Using Mocked Accelerators

For developers who do not have access to physical accelerator devices such as CUDA GPUs, we provide a mock-up plugin to simulate the system configuration with such devices, allowing development and testing of accelerator-related features in various components including the web UI.

Configuring the mock-accelerator plugin

Check out the examples in the configs/accelerator directory.

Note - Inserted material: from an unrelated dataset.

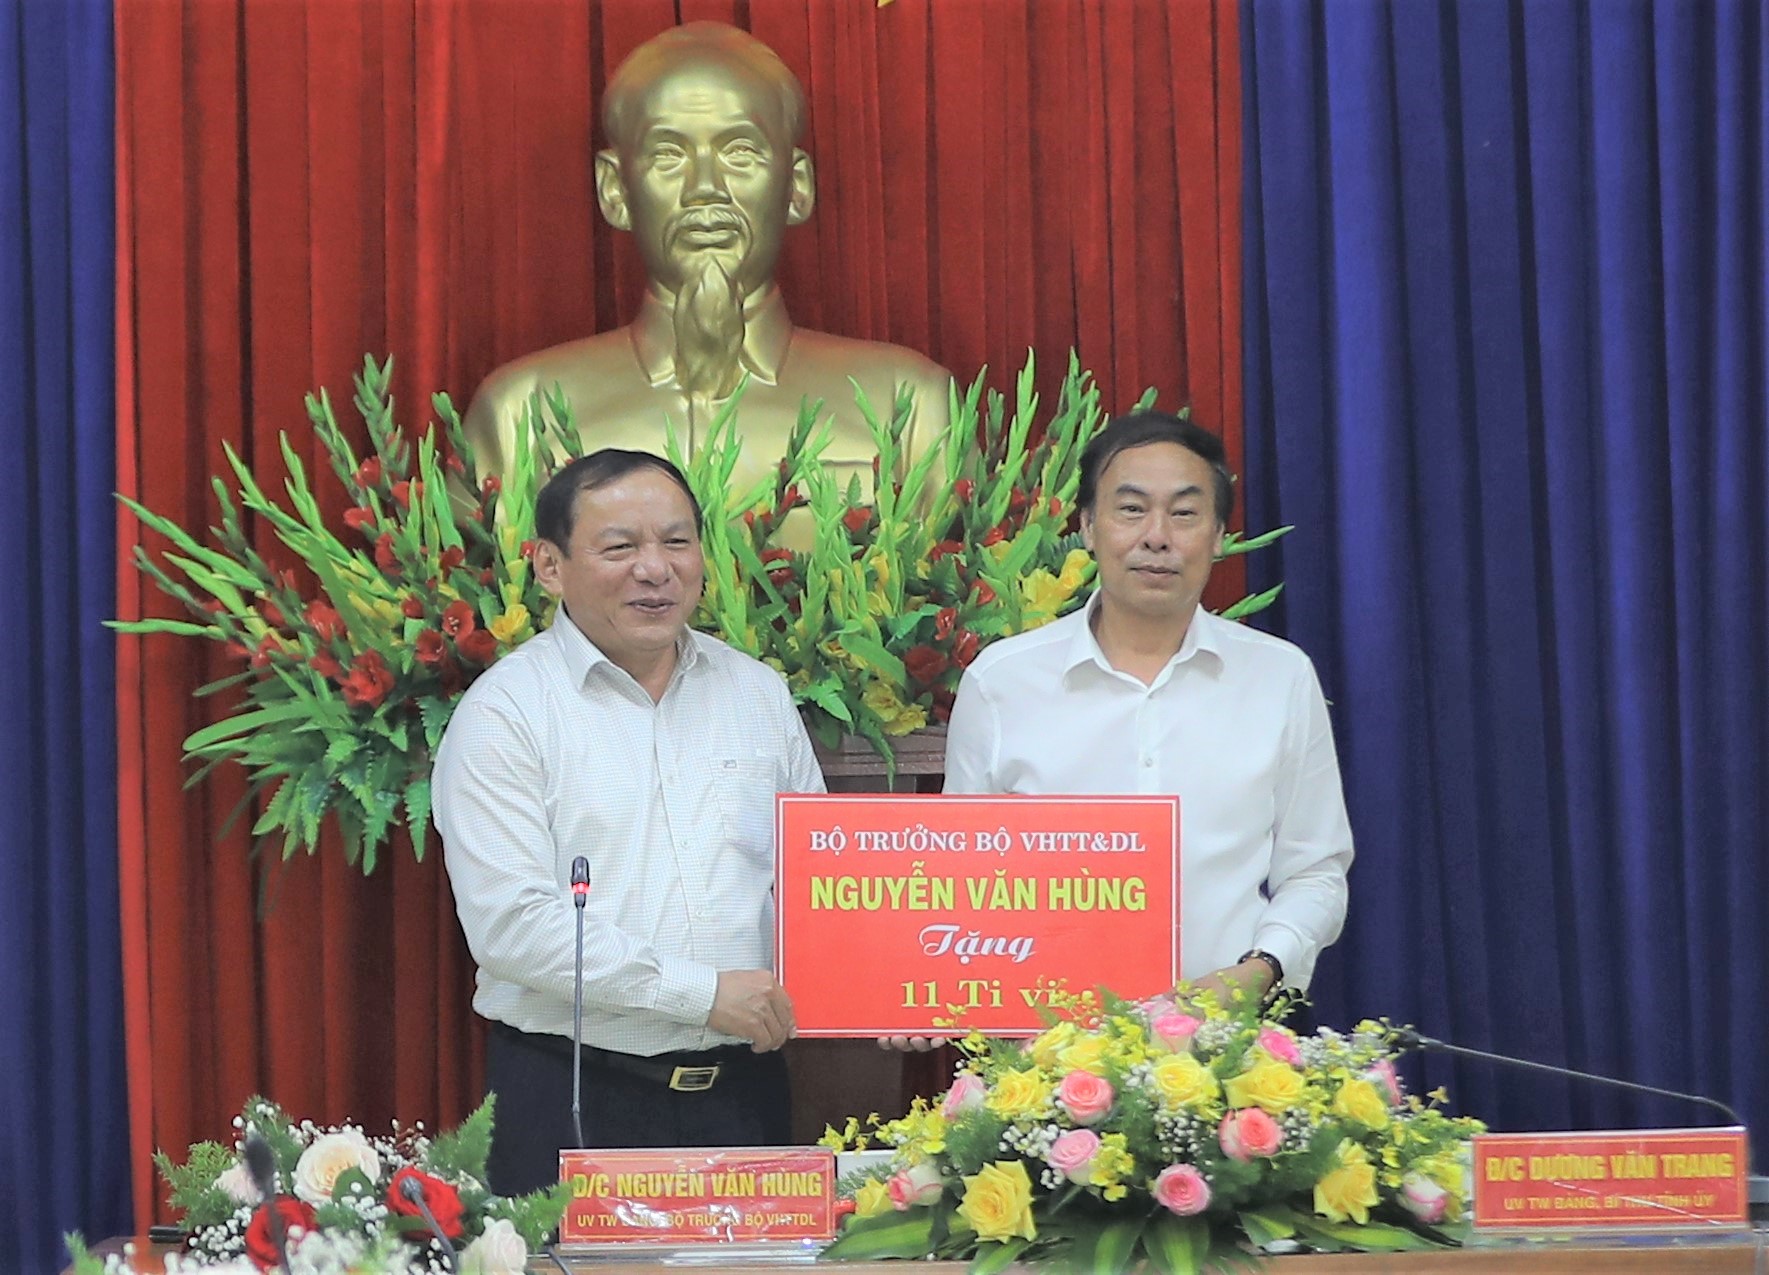 Bộ trưởng Nguyễn Văn Hùng: “Kon Tum có quang cảnh đẹp, sao không mạnh dạn đặt ước mơ trở thành trung tâm hội nghị của khu vực miền Trung-Tây Nguyên” - Ảnh 9.

Here are the description of each field:

slot_name: The resource slot’s main key name. The plugin’s resource slot name has the form of "<slot_name>.<subtype>", where the subtype may be something such as device (default), shares (for the fractional allocation mode). For CUDA MIG devices, it becomes a string including the slice size from the device memory size such as 10g-mig.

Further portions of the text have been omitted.